Scarlett Johansson 'snubbed Saudi Crown Prince MbS' offer to fund upcoming film'

A Pulitzer prize-winning photojournalist has revealed that an offer by Saudi Crown Prince Mohammed bin Salman to fund her biopic was snubbed due to the prince's human rights record.
3 min read
25 October, 2018
Scarlett Johansson reportedly snubbed the Saudi funding over MbS' human rights record [AFP]


Hollywood star Scarlett Johansson reportedly turned down funding for her next film from Saudi Crown Prince Mohammed bin Salman, according to a prominent photojournalist.

Pulitzer prize-winner Lynsey Addario is to be played by Johansson in a biopic directed by Ridley Scott.

"Scarlett Johansson said absolutely not," Addario said in an interview with the New York Times. "She said: 'This guy is perpetuating the war in Yemen. He has women in prison.'"

"This was before the killing of Khashoggi, when he became one of the main people who wanted to fund the movie," Addario added, referring to the fallout that has followed the killing of Saudi journalist Jamal Khashoggi.

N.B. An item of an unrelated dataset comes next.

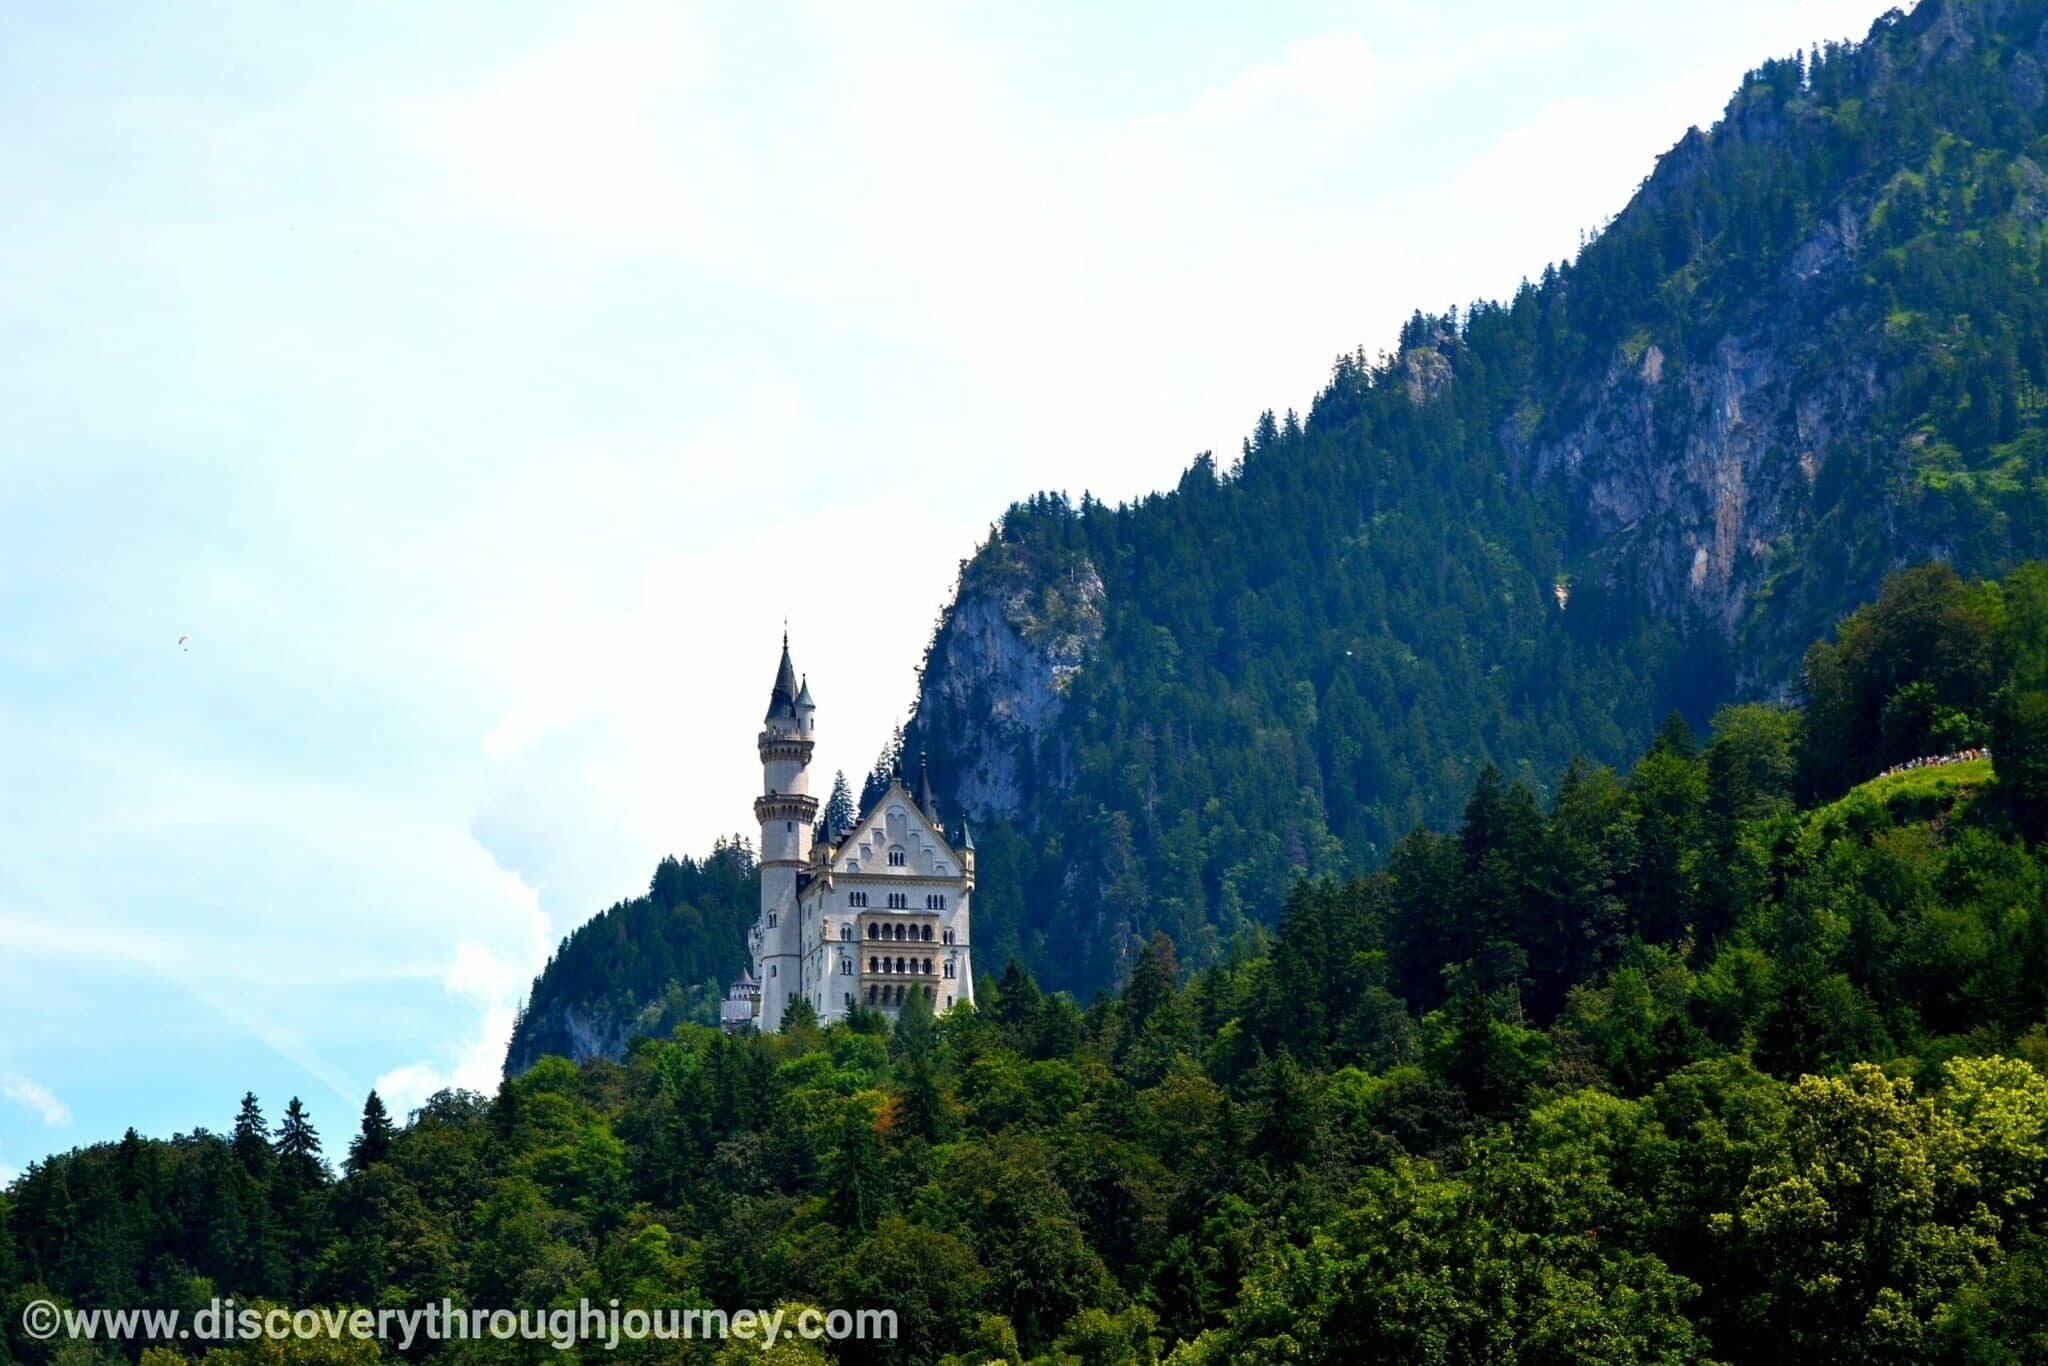 The fairy-tale castle: The Neuschwanstein Castle, Hohenschwangau, Germany

Prince Mohammed is currently at the centre of intense international pressure following Khashoggi's assassination, with US President Donald Trump this week hinting that the powerful prince may have been behind the killing.

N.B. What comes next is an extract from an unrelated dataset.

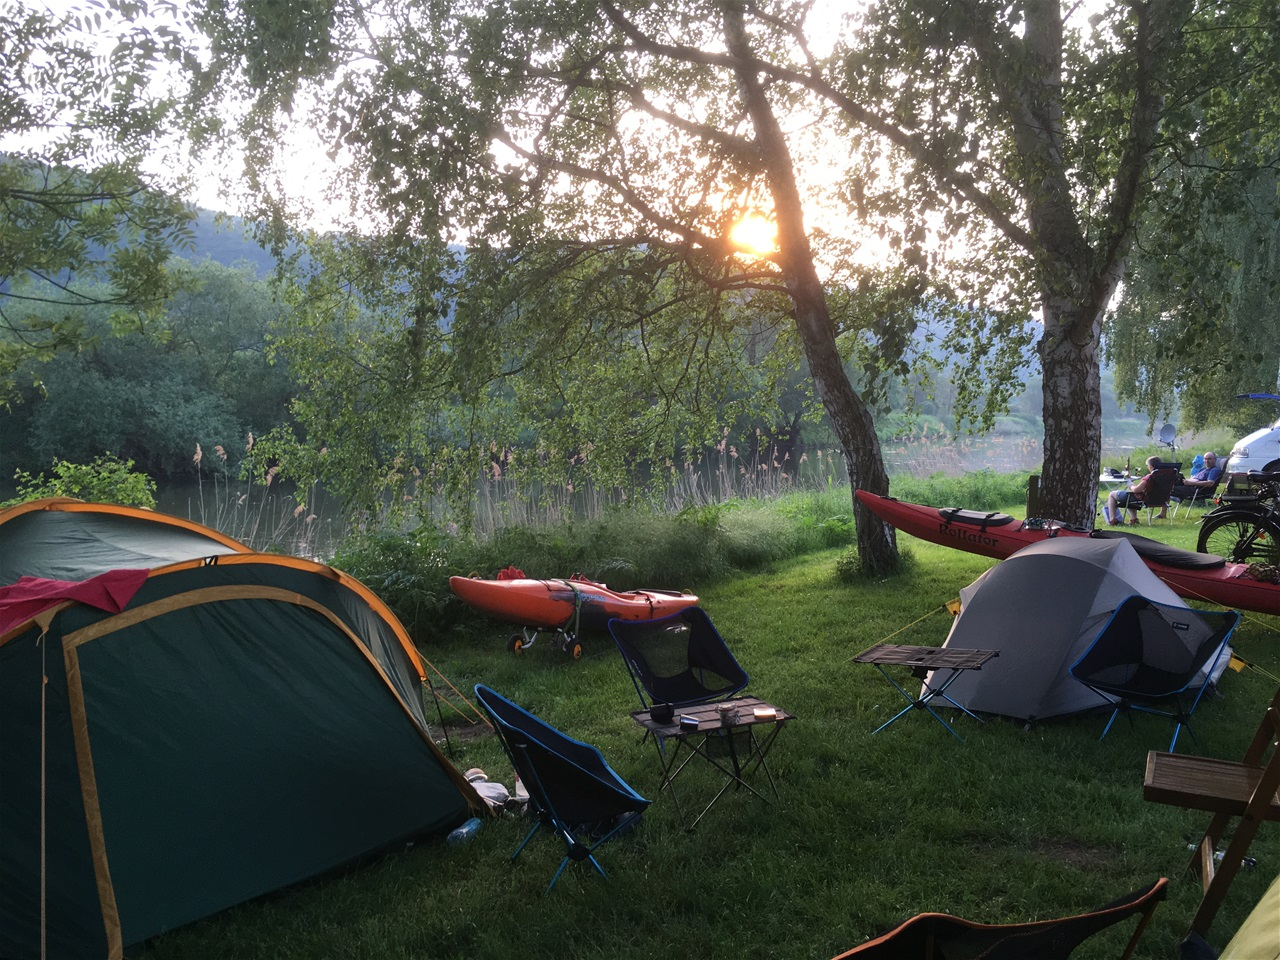 Campingplatz Altenburschla

Khashoggi, a Saudi journalist who had been living in self-imposed exile, visited the Saudi consulate in Istanbul on October 2 to complete some documents that would allow him to remarry. The 59-year-old failed to re-emerge, prompting widespread accusations that Saudi Arabia's leadership had killed the dissident writer.

Riyadh admitted that Khashoggi had been killed at the consulate almost three weeks after his disappearance, however claimed that his death was the result of a scuffle. Riyadh changed its take on the killing on Thursday, with prosecutors from the kingdom saying that the murder was planned.

Crown Prince Mohammed has attempted to market himself
as a liberal reformer [Getty]


Khashoggi's death has highlighted the brutal side of Saudi rule under Crown Prince Mohammed, undoing millions of dollars of public relations work intended to present the 33-year-old heir as a liberal reformer.

"I didn't meet with him personally," Addario said. "But my sense is that he probably – my movie got folded into this huge charm campaign. And that fact that he wanted to show the west that he was into Hollywood, he was into all the great things of the west... Do I want him associated with this movie? Obviously not. And thank God he's not."

The revalations about Johansson's snub of Saudi funding may mark a turn in relations between the Saudi prince and popular public figures from the United States, who had entertained the prince's overtures.

In April, Prince Mohammed headed to Hollywood to meet studio heads and actors, including Dwayne 'The Rock' Johnson. 

"I look forward to my first visit soon to Saudi Arabia," Johnson wrote at the time. "I'll be sure to bring my finest tequila to share with the (sic) his Royal Highness and family."

Prince Mohammed appeared earlier this week on a panel of other Arab leaders at the Saudi Future Investment Initiative, dubbed "Davos in the desert", which was largely boycotted by Western politicians and corporate bigwigs over the Khashoggi affair.

The prince broke his silence over the Khashoggi affair, describing it as a "heinous crime".